On adorait monter dans les arbres. C’est vrai que dans la Drôme, on était toujours perchés tout en haut de l’énorme figuier. Son écorce était lisse, on ne s’y écorchait pas les genoux. Les après-midis à faire la sieste sous les tilleuls, entre les pièges à guêpes remplis de bière et le concert des cigales. Mon Pierrot ne les entendait plus, mais il adorait manger à l’ombre des deux tilleuls. On y pense toujours. En Bretagne, mon père nous avait construit une cabane dans le plus grand arbre du jardin. Un jour, Pierre a décidé qu’il était trop vieux. Alors, il a pris sa tronçonneuse dans la cave, avec le bateau dedans, il est sorti et il a tranché, comme on tranche le saucisson à l’apéro, le plus beau cadeau qu’on nous avait jamais offert. En même temps, on n’avait plus l’âge d’espionner les passants depuis notre arbre haut perché. De quoi on aurait eu l’air si on avait continué à les viser avec nos pistolets à eau roses et verts fluo… Mais quand même, ça nous a tous glacés. Et puis, on ne savait plus vraiment qui était trop vieux, si c’était l’arbre ou si c’était Pierre. J’ai aperçu ton dos, toujours aussi droit, pourtant ce jour-là, il paraissait courbé. Des arbres dansaient devant toi. Assise au bord de ta chaise, si attentive aux images de ces arbres et à cette voix de documentaire. J’ai ri en voyant cette scène absurde, j’ai ri à m’en décoller les poumons, ce mardi après-midi. Ton visage, éclairé par une lumière bleue, m’a répondu que regarder les arbres rendait plus forte, que tu en avais besoin pour respirer et pour affronter ce qui allait arriver. Un conseil qu’on t’avait donné, quand les médecins étaient partis en courant.
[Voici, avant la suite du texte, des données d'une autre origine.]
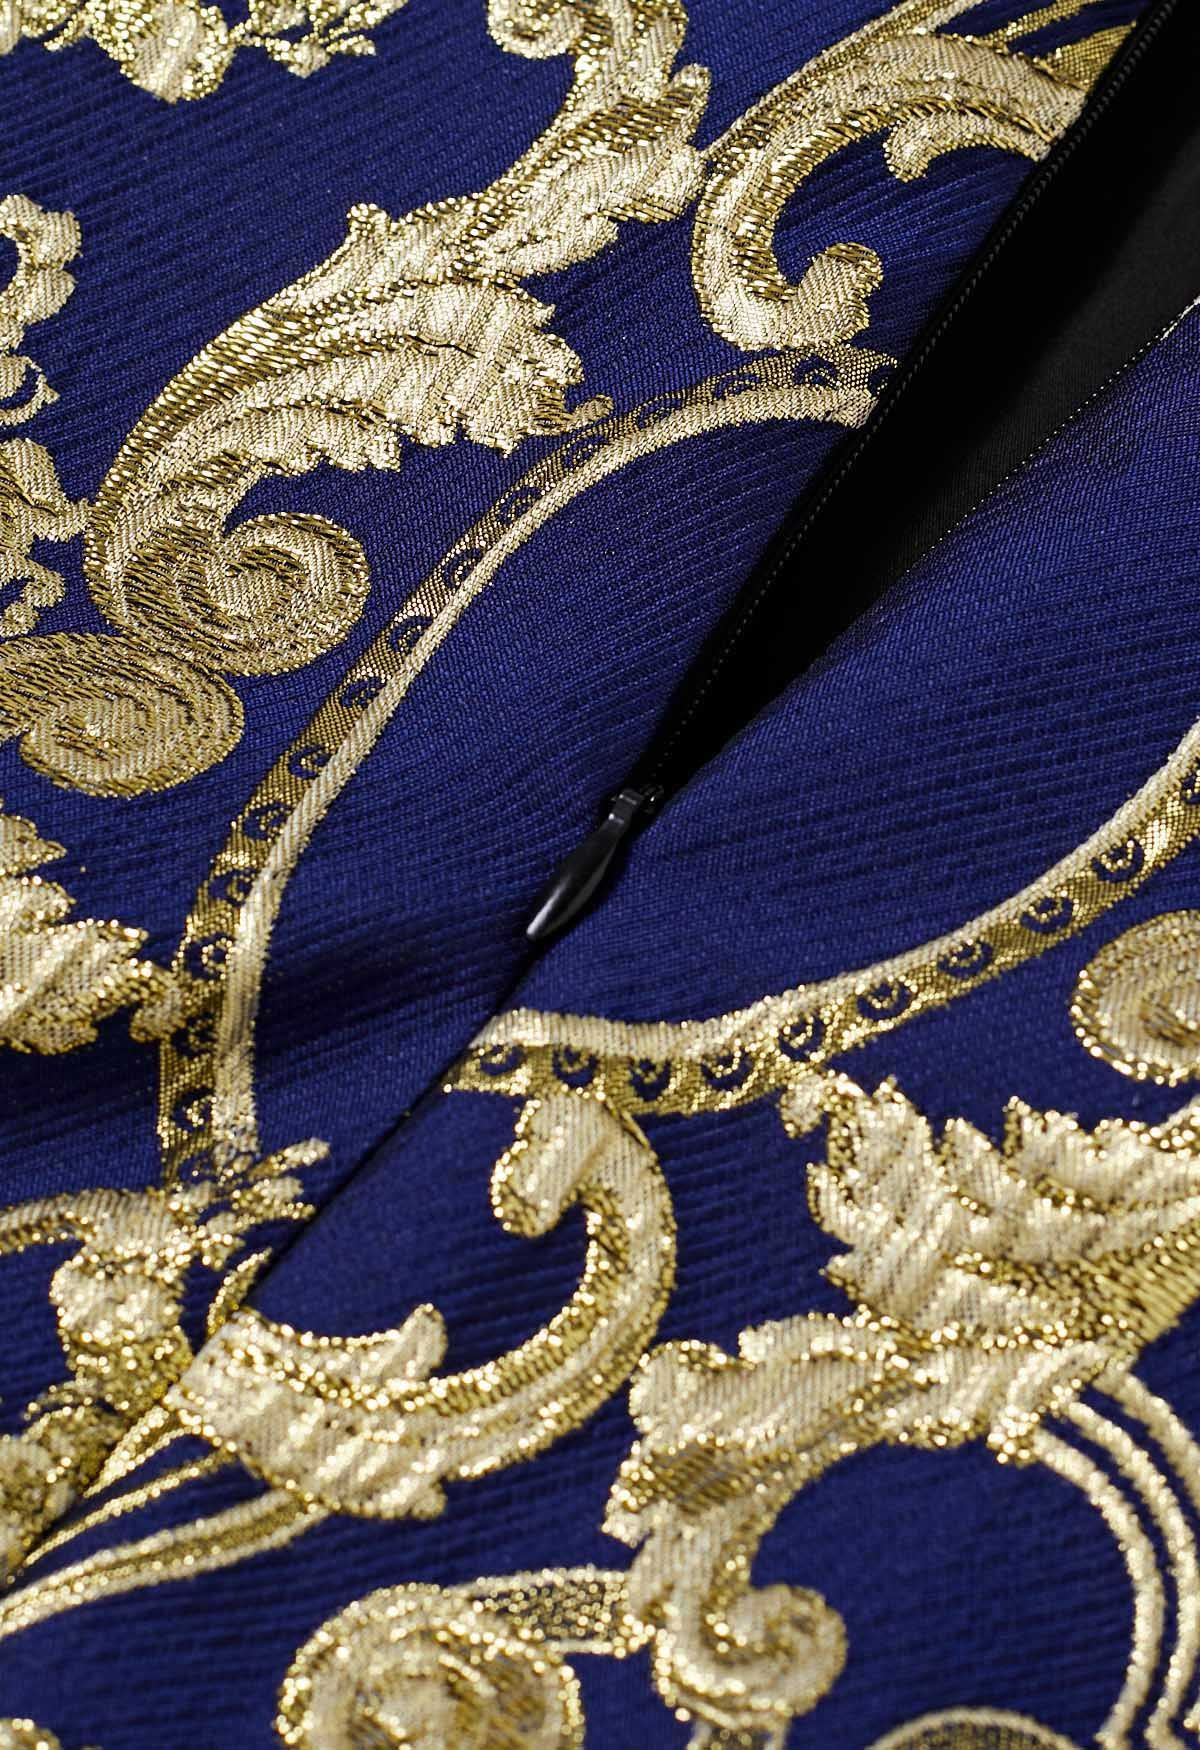 Glamorous - Jupe longue en jacquard baroque à fils métallisés - Bleu marine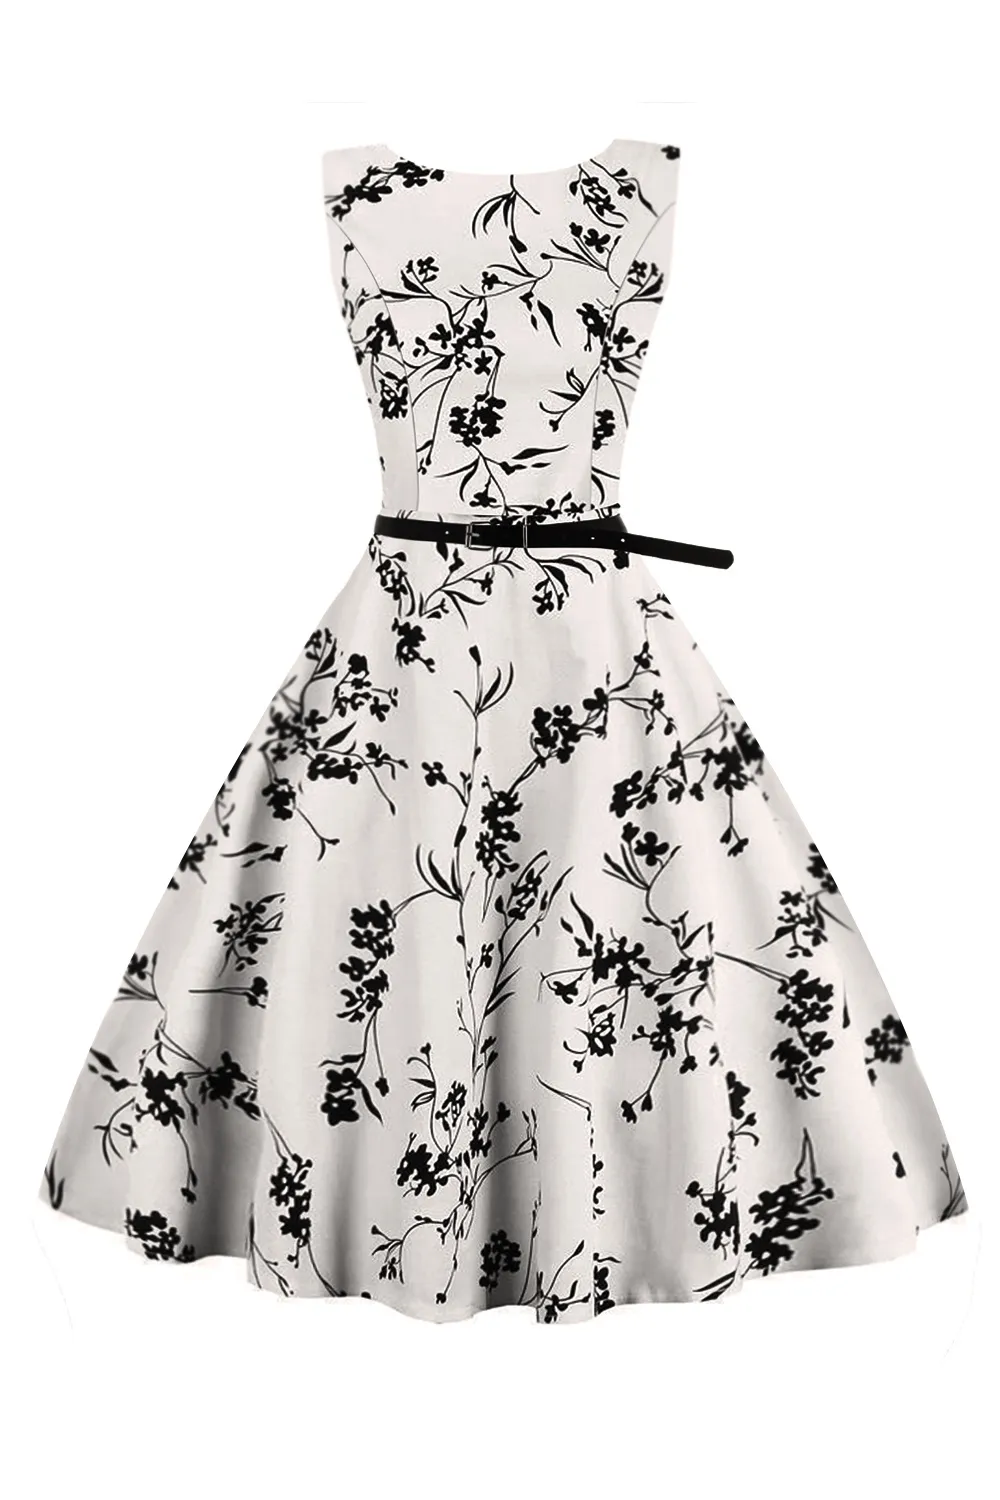 Bläck panting stil vintage klänning 50s 60s retro för kvinnor blommor tryckta korta festklänningar med bälte vestido vintage fs0005

Je n’ai plus rigolé en voyant les arbres bouger sur l’écran de l’ordinateur. On s’est mises à croire aux arbres et aux roches, parce qu’on avait besoin d’une béquille pour quelque temps. Et puis, j’avais toujours adoré monter dans les arbres. Depuis ton visage bleu, devant l’écran qui projetait sur toi la chorégraphie triste des feuilles. Depuis ce visage, on marche le long de la presqu’île Saint-Laurent. Un grand rocher nous attend sur une des dernières lignes, on s’y arrête toujours pour l’enlacer, poser notre joue sur sa pierre froide. Il était là avant, il sera là après (tu me disais) et après, tout va toujours mieux.

Elle aussi

Elle était vraiment simple, sans artifice, n'avait jamais prétendu être autre chose. Elle avait plutôt tendance à se faire toute petite et silencieuse. Dans le passé elle avait été brute. Ses pieds rectangulaires, attachés par des lignes de bois, son dos maintenu par deux barres, puis quatres lattes, toutes espacées d'un centimètre. Une tenue vraiment pas confortable. Celle qui t'oblige à être droite comme un piquet. Ça faisait des années que Pierre s'asseyait avec elle dans sa maison de Brest. Les verres de vin rouge le midi et le soir. Quand il est parti, elle est restée. La chaise en bois brute inconfortable et banale est devenue une chaise jaune. Celui de la couverture du Chien bleu de Nadja. Les pages qu'on défilait avant de s'endormir. Souvent quand quelqu'un s'assoit dessus, quelques minutes plus tard, il préfère être par terre. La chaise est restée, elle est devenue jaune.